Finalmente hay uno que detiene su asno y los de sus familiares. Se baja, se dirige a Jesús: "¡Dios sea contigo, Rabí! Soy de Arbela. Te oí en el otoño. Esta es mi mujer. Esta su hermana que ha quedado viuda, y esta mi madre. Este anciano es su hermano. Aquel joven es hermano de mi mujer. Todos estos son nuestros hijos. Tu bendición, Maestro. Supe que hablaste en el vado. Yo llegué tarde... ¿No tienes una palabra para nosotros?"

"La palabra no se niega nunca. Pero aguarda unos instantes, pues otros están viniendo."

Los del poblado poco a poco están viniendo, los que habían pasado y tomado el norte, regresan, otros picados por la curiosidad o se detienen y se quedan montados, o se bajan de sus animales. Un pequeño grupo se ha ido formando.

Regresa Judas de Alfeo con el anciano. Jesús empieza a hablar.

 

Los que recorren los caminos que el Señor 

ha señalado, y los recorren con buena voluntad, 

terminan por encontrarlo.

 

"Los que recorren los caminos que el Señor ha señalado, y los recorren con buena voluntad, terminan por encontrarlo. Encontrasteis al Señor después de haber cumplido con vuestro deber de fieles israelitas en la pascua santa. Y ved que la Sabiduría os habla como lo deseabais en este bivio donde la Bondad divina ha hecho que os encontraseis.

 

Son tantas las encrucijadas que el hombre 

encuentra en el camino de su vida. 

 

Diariamente la conciencia se encuentra 

en las encrucijadas del bien y del mal. 

 

Debe escoger atentamente para no equivocarse.

 

Son tantas las encrucijadas que el hombre encuentra en el camino de su vida. Más sobrenaturales que materiales. Diariamente la conciencia se encuentra en las encrucijadas del bien y del mal. Debe escoger atentamente para no equivocarse. Si se equivoca debe saber regresar humildemente cuando alguien se lo advierte. Y aunque le parezca más bella la vía del mal, o sencillamente el de tibieza, debe saber escoger el camino difícil, pero seguro del bien.

Escuchad la siguiente parábola.

 

parábola de los contratistas de obreros

 

Un grupo de peregrinos, vino de lejanas regiones en busca de trabajo, se encontró en la frontera de un país, donde esperaban contratistas de obreros, enviados por diversos patrones.

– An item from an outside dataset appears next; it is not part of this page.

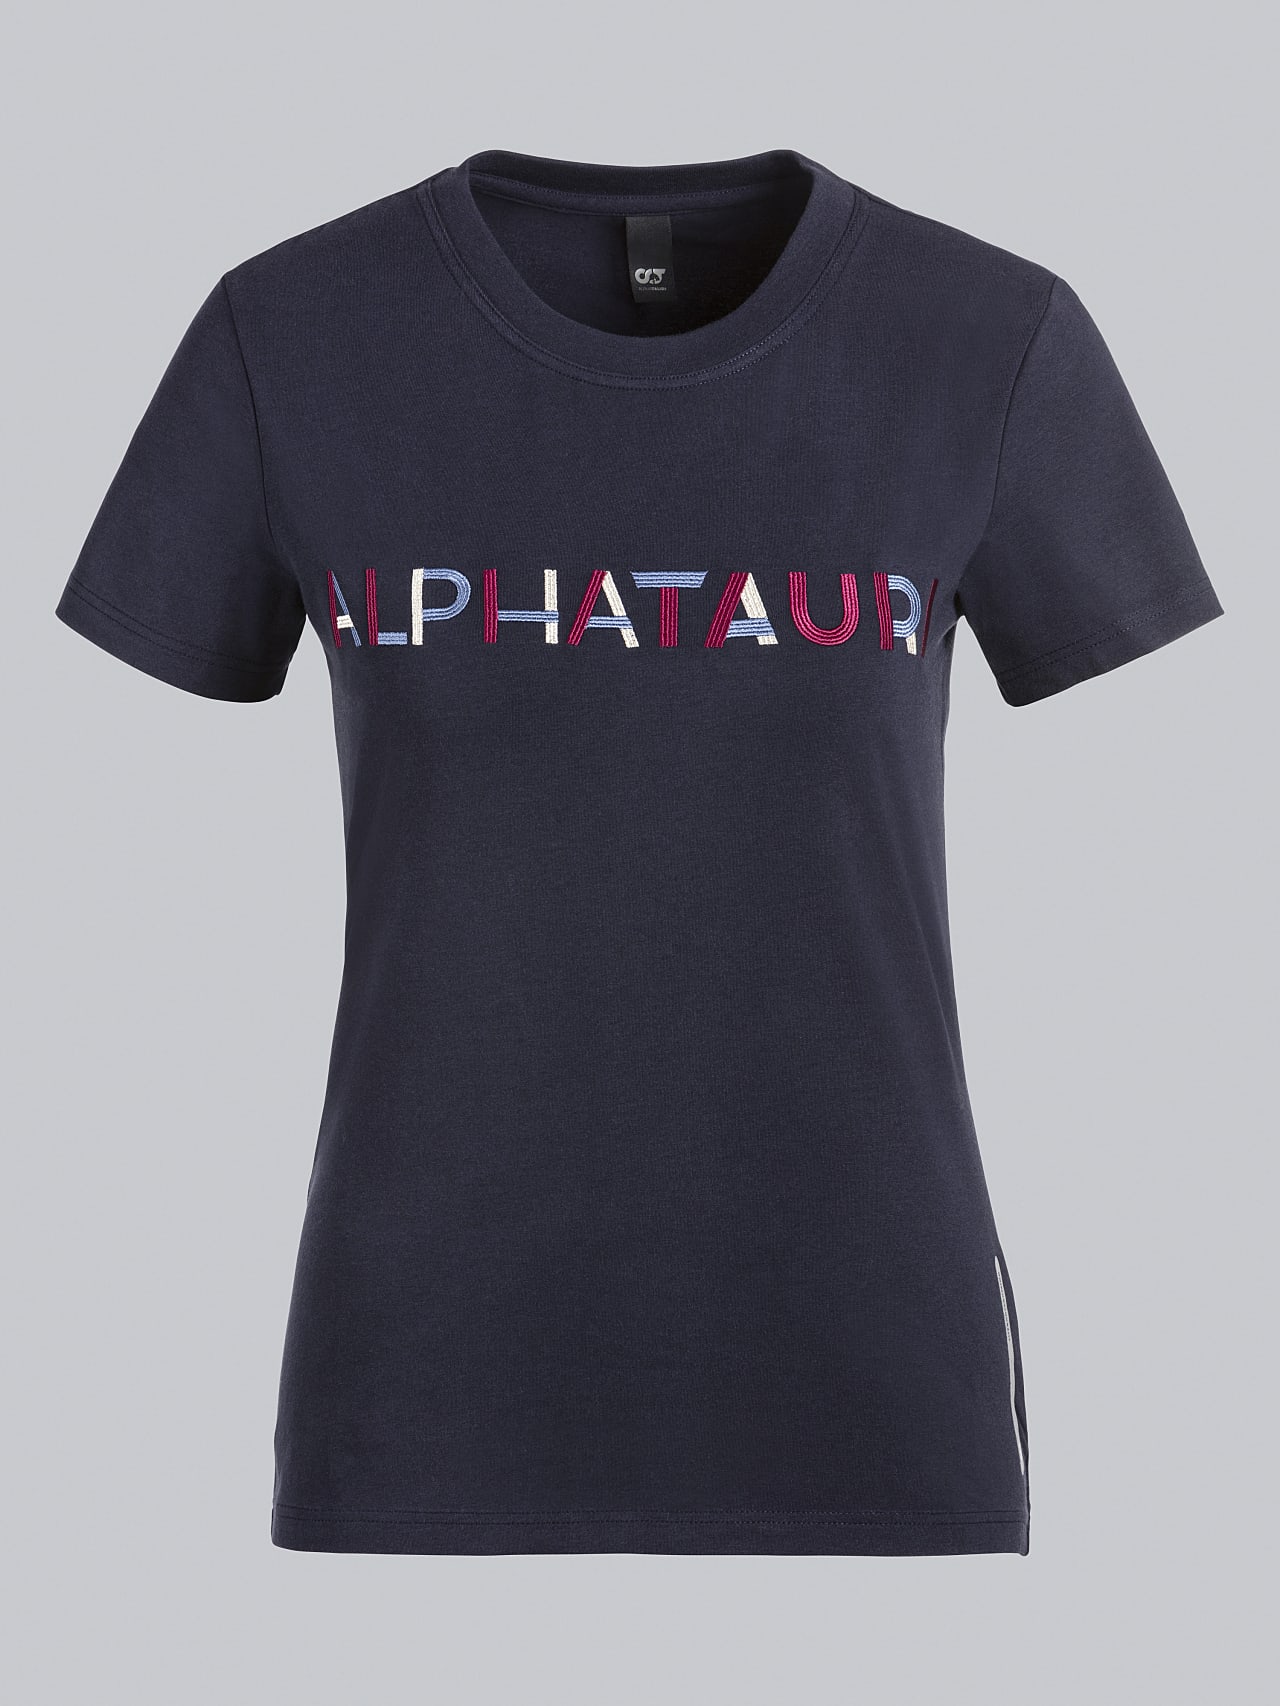 AlphaTauri | JOCTI V3.Y5.02 | Logo T-Shirt in navy for Women

Algunos querían trabajadores para las minas, otros para lo campos y bosques, otros para un rico infame, no faltaba quien contratara soldados para un rey que tenía su castillo en la cima de un monte, al que se llegaba por un camino demasiado pendiente. El rey quería soldados, pero quería que más que robustos en el cuerpo lo fueran en su inteligencia, para mandarlos después a las ciudades para que enseñasen a sus súbditos la rectitud. Esta es la razón por la que vivía arriba, como en eremitorio, para educar a sus siervos sin que las distracciones mundanales los corrompiesen. No prometía otras recompensas, ni vida cómoda, pero les aseguraba que al servirle se convertirían en hombres rectos y justos, lo que ya era un premio.

De este, modo hablaban sus mensajeros a los que llegaban a la frontera. Los que eran mensajeros de los dueños de minas o de campos proclamaban: "No tendréis una vida cómoda, pero seréis libres y ganaréis lo suficiente". Los que buscan gente para un patrón infame prometían inmediatamente comida en abundancia, placeres, ocio, riquezas: "Basta con que aceptéis sus raros caprichos -que no son muy duros- y tendréis una vida como sátrapas".

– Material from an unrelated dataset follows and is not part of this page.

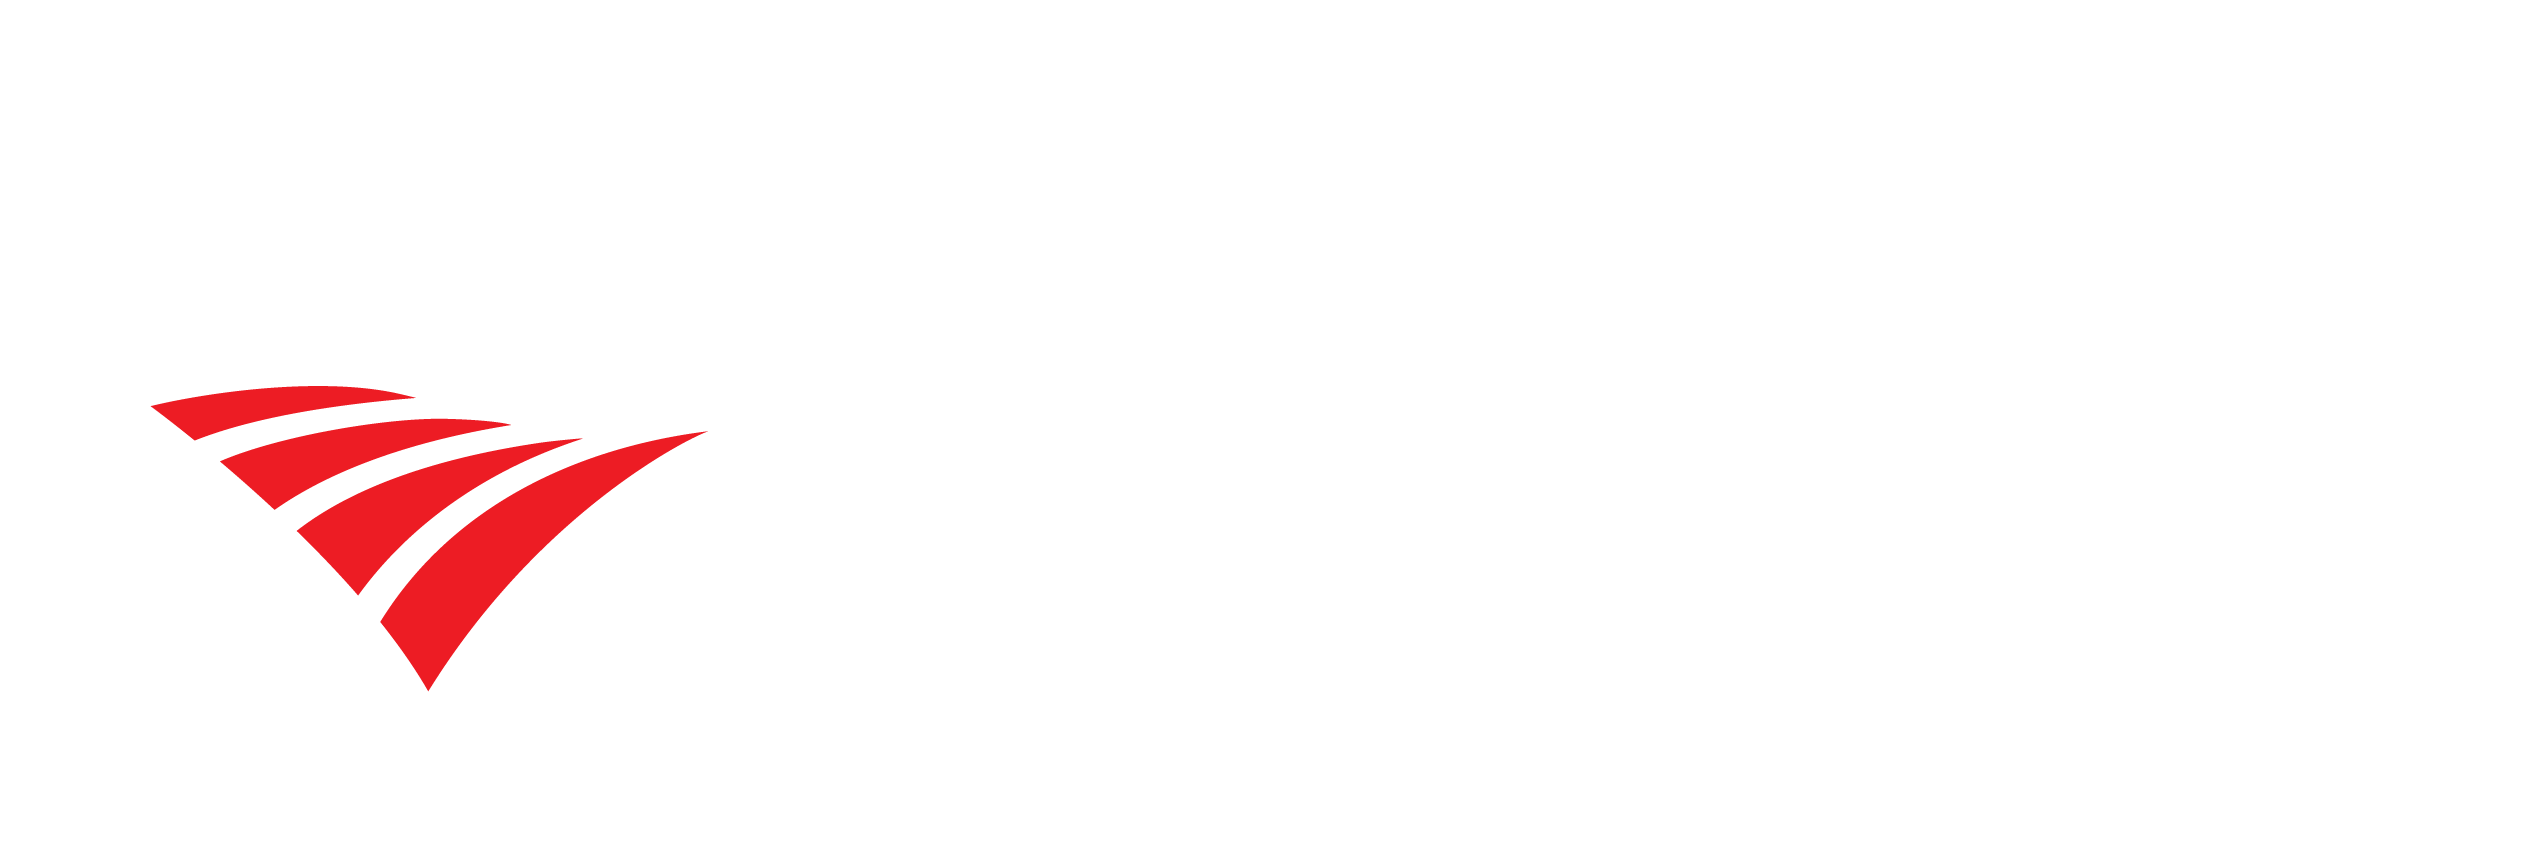 Frasers Logistics & Commercial Trust Logo

Los peregrinos consultaron entre sí lo que decidirían. No querían separarse... Preguntaron: "¿Los campos, las minas, el palacio del que lleva una buena vida, y el del rey están vecinos?" "¡Oh, no!" respondieron los contratistas. "Venid a aquel cuatrivio y os enseñaremos los caminos".

Fueron.

"¿Veis aquel camino ancho, sombreado, con flores, parejo, con fuentes? Ese lleva al palacio del señor" dijeron unos contratistas.

"¿Veis aquel polvoriento, entre campos tranquilos? Ese lleva a ellos. Hace sol, pero como podéis ver es bueno" dijeron otros. 

Los de las minas dijeron: "Este sendero abrupto, tallado sobre las rocas que el sol quema, entre zarzales y espinos que dificultan el paso, pero en cambio defienden contra los enemigos, lleva al oriente, al castillo austero, digamos casi sagrado, donde los corazones se forman en el bien".

Los peregrinos miraban, miraban. Hechaban sus cálculos... De las cosas que les presentaban, una sola era buena. Poco a poco se dividieron. Eran diez. Tres fueron a los campos... dos a las minas. Los restantes se miraron y dos dijeron: "Vamos todos donde el rey. No ganaremos y no gozaremos en la tierra, pero seremos santos para siempre".

"¿Por aquel sendero? ¡Ni locos que fuéramos! ¿No ganar nada? ¿No gozar? Entonces no hubiera valido la pena haber dejado todo, venir al destierro y tener menos de lo que teníamos allá. Queremos ganar y gozar..."

"¡Perderéis el bien eterno! ¿No oísteis que es un patrón muy malo?"

"¡Tontería! Después de que hayamos gozado y héchonos ricos lo dejaremos".

"No podréis. Los primeros hicieron mal por ambición del dinero. Pero ¡vosotros! Vosotros anheláis el placer. ¡Oh, no cambiéis por una hora que pasa vuestro destino eterno!"

"Sois unos necios. Creéis en promesas ficticias. Nosotros vamos al grano, a la realidad. ¡Adiós!"... y corriendo tomaron por el hermoso camino, sombrado, lleno de flores, rico en aguas, emparejado. En su extremidad brillaba el castillo del hombre que vivía cómodamente.

Los dos restantes, entre lágrimas y oraciones, tomaron el abrupto sendero. Después de algunos metros estaban a punto de perder el ánimo, por lo difícil, pero siguieron adelante. Cuanto más avanzaban tanto más se sentían ligeros. La fatiga se cambiaba en júbilo. Llegaron jadeantes, rasguñados hasta la cima del monte y fueron llevados a la presencia del rey, quien les dijo todo lo que exigía de ellos para hacerlos sus bravos campeadores y terminó diciendo: "Pensadlo durante ocho días y luego me daréis la respuesta".

Mucho pensaron y duras luchas sostuvieron con el tentador que quería acobardarlos, con la carne que les decía: "Me sacrificáis", con el mundo que los seducía con sus recuerdos. pero vencieron. Se quedaron. Llegaron a ser héroes del bien. Llegó la muerte, esto es, la hora de su glorificación. Desde lo alto de los cielos vieron en lo profundo a los que habían ido donde el patrón malo. Encadenados lloraban en lo oscuro del infierno. Los dos santos comentaron: "¡Y querían ser libres y gozar!"

Los tres condenados los vieron, y llenos de rabia maldijeron a todos empezando por Dios. Gritaban: "¡Todos nos habéis engañado!"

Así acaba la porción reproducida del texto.